Immunoprecipitation. Triton X-100-soluble fractions were prepared from frozen samples of small intestine, kidney, retina, and utricular maculae as described above for Western blotting using EDTA (2 mm) as an additional protease inhibitor and sodium phosphate (20 mm, pH 7.4) in place of Tris-HCl to buffer the solutions. Protein content of the extracts was determined using the bicinchoninic acid protein assay reagent (Pierce, Chester, UK). Rabbit immune serum to the extracellular domain fusion protein or preimmune serum (4 μl) was added to 400 μl aliquots of the extracts, each containing 72 μg of protein, and the samples were incubated overnight at 4°C. Immune complexes were collected by adding a 20 μl vol of protein A-agarose beads [prepared as a 1:1 (v/v) suspension in the Triton X-100 extraction buffer] and incubating the samples for 1 hr at 4°C on a rotator. The beads were then washed three times with cold PBS containing 1% Triton X-100 and one time with cold PBS and then boiled in a 15 μl vol of reducing SDS-PAGE sample buffer. Aliquots of the eluted samples (10 μl) were run on 7.5% polyacrylamide gels, transferred to nitrocellulose membranes, and immunoblotted with the mAb D37 supernatant as described above.
RT-PCR. Poly(A)+ mRNA was isolated from chick small intestine, kidney, retina, and utricular macula as described above and used to synthesize randomly primed first-strand cDNA using avian myeloblastosis virus reverse transcriptase (Promega). The resultant cDNA was used in RT-PCR reactions with oligonucleotide primer pairs designed to amplify bases 2887–4310 of the cDNA sequence (forward F2: CATATGCTCGAGATGACAGCCACCTATGTGAC; reverse R2: GGATCCTCGAGCTTTCTCATGCACAGACAAC). The 50 μl reactions contained 50 pmol each primer and were hot-started with 4 U of TaqExpress (Genpak Ltd., Brighton, UK) followed by 35 cycles of 94°C for 15 sec, 57°C for 15 sec, and 68°C for 90 sec. The reactions were terminated with a 5 min incubation at 68°C. PCR reactions were analyzed by agarose gel electrophoresis followed by transfer to Hybond-N membrane (Amersham International) and UV cross-linking. Membranes were then hybridized with a 32P-labeled DNA probe derived by PCR of cDNA clone C with primers lying internal to those used for the RT-PCR reactions (forward F3: ACACAATGGAGAGCCACACA; reverse R3: TCCATGACACACTGGTTTAG). Hybridization of the membranes and washing to high stringency were performed as described by the manufacturer (Amersham International). In addition the 1.4 kbp product was purified using GeneClean and directly sequenced on an ABI 370A automatic sequencer to confirm its identity in all four tissues.

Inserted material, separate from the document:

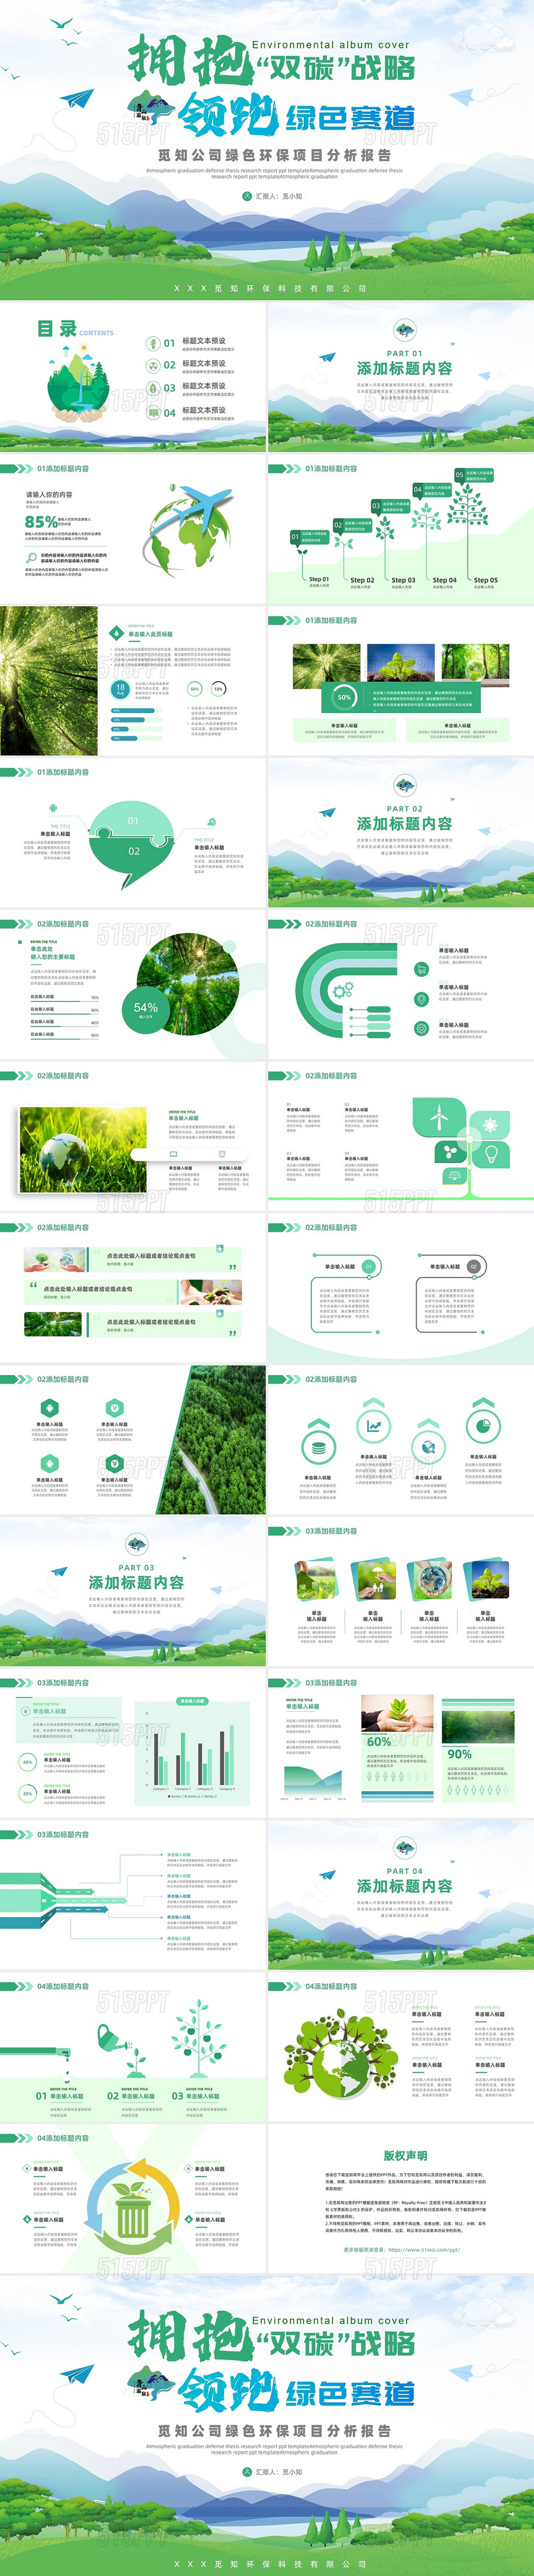 绿色环保 节能减排企业介绍环保产品PPT模板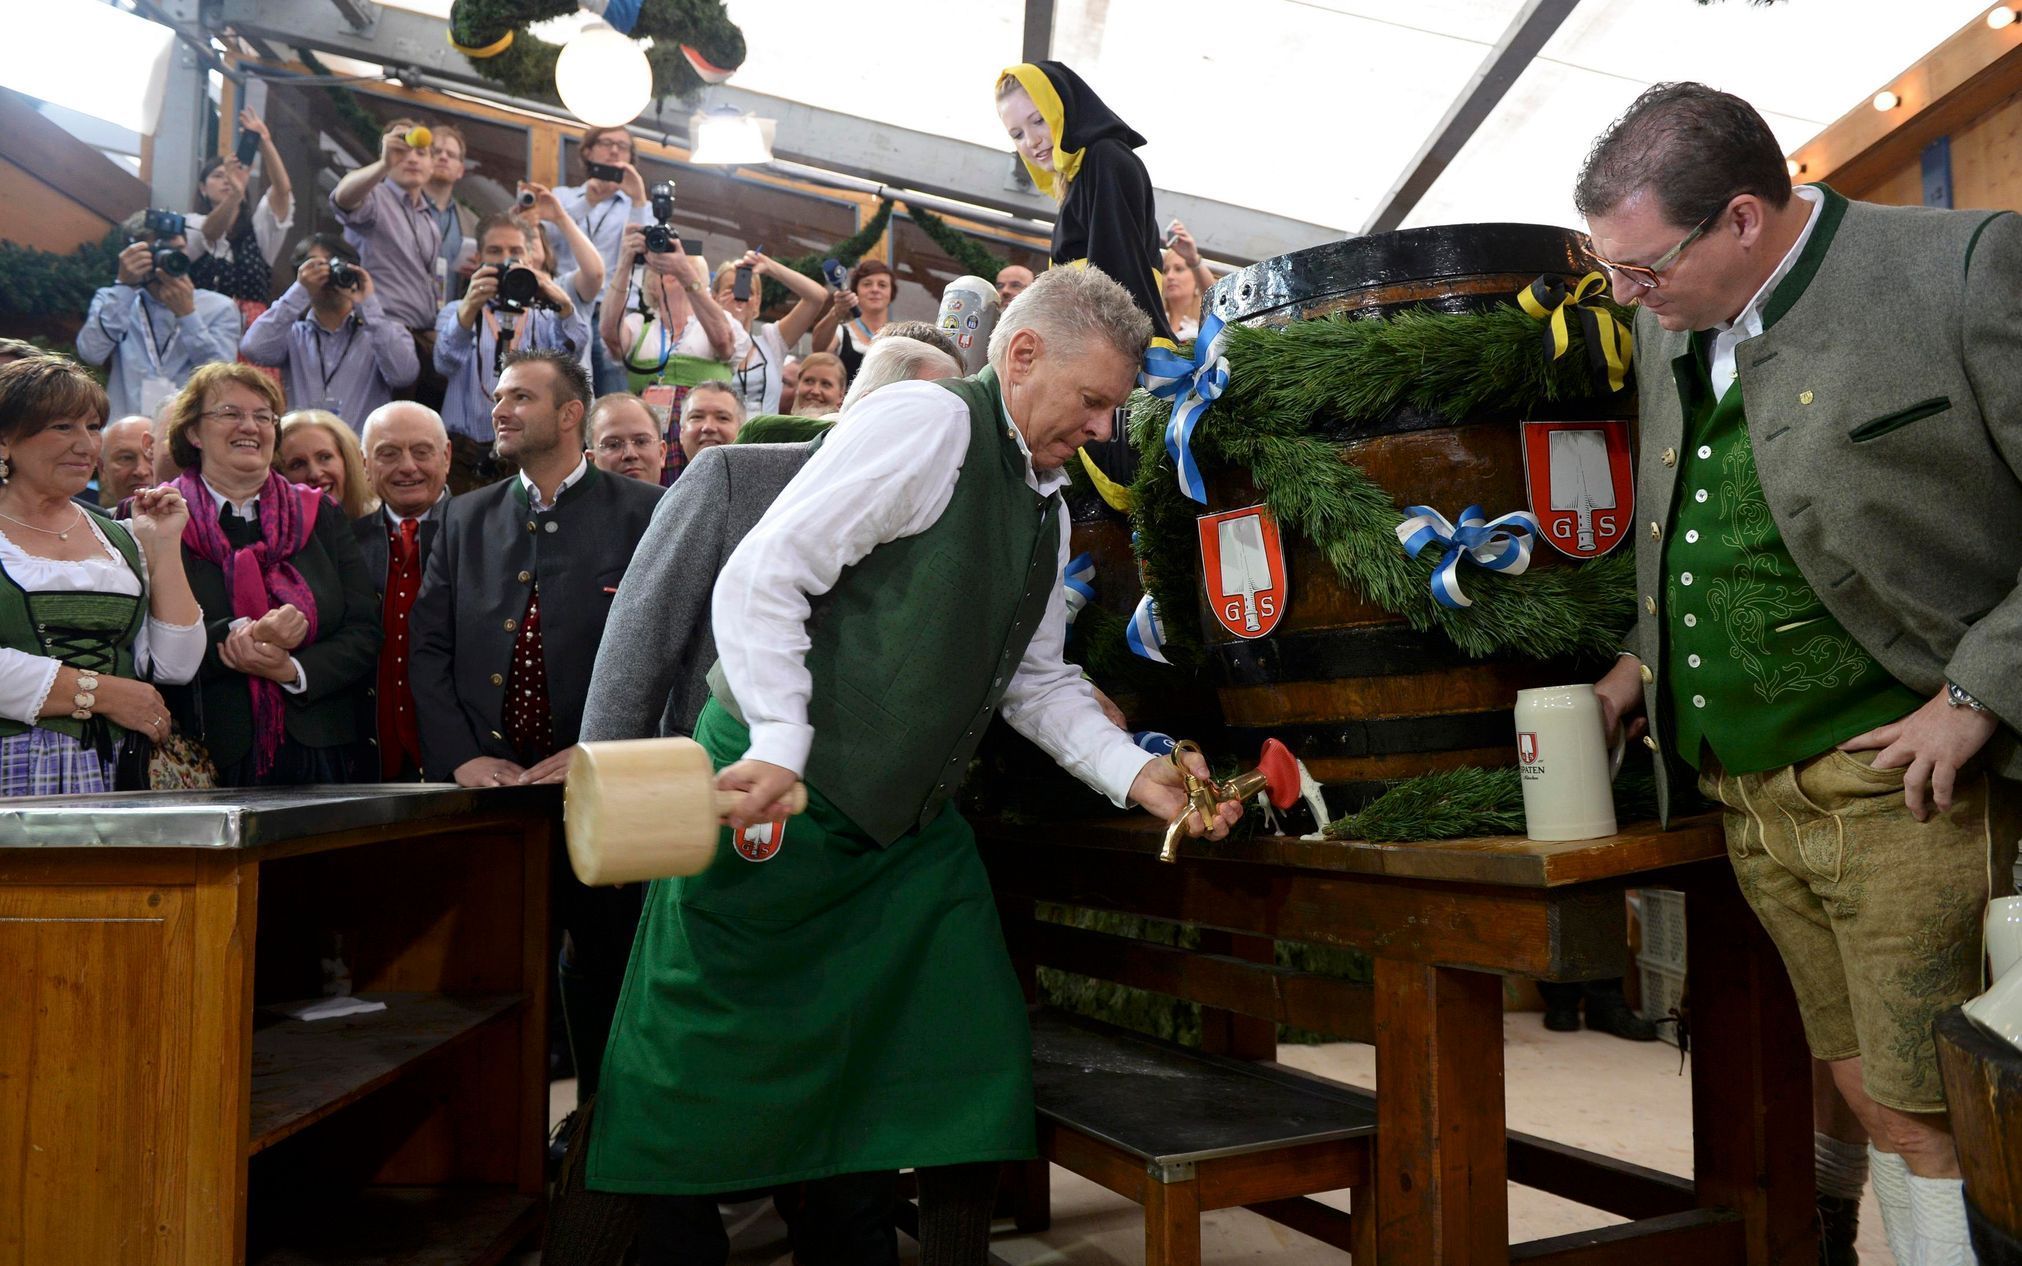 Nově zvolený primátor Dieter Reiter naráží první sud piva na Oktoberfestu.

Preparation of noise- and drug-damaged auditory papillae.One-week-old chicks were exposed to 120 dB sound pressure level (SPL) octave band noise centered around a frequency of 2.0 kHz for 14 hr and killed 1 hr after the end of the exposure period [see Raphael (1993)for a description of the noise exposure setup]. Also, 2-week-old chicks were exposed to a 900 Hz tone at 120 dB SPL for 12 hr and killed 4 hr after the end of the exposure period [for details, see Cotanche et al. (1995)]. Pieces of skull containing the labyrinth were immersion-fixed as described above, basilar papillae were dissected, and whole-mount preparations were double-labeled with monoclonal anti-HCA and mAb D37, or triple-labeled with monoclonal anti-HCA, mAb D37, and cingulin, as described earlier. Papillae from a total of eight noise-damaged animals and three age-matched controls were examined. The noise exposure procedures and animal handling were approved by the University of Michigan’s Committee on the Use and Care of Animals (UCUCA, approval 6981A) and the Institutional Animal Care and Use Committee at The Children’s Hospital (Boston, MA) and were performed in a manner consistent with the National Institutes of Health Guide for Care and Use of Laboratory Animals.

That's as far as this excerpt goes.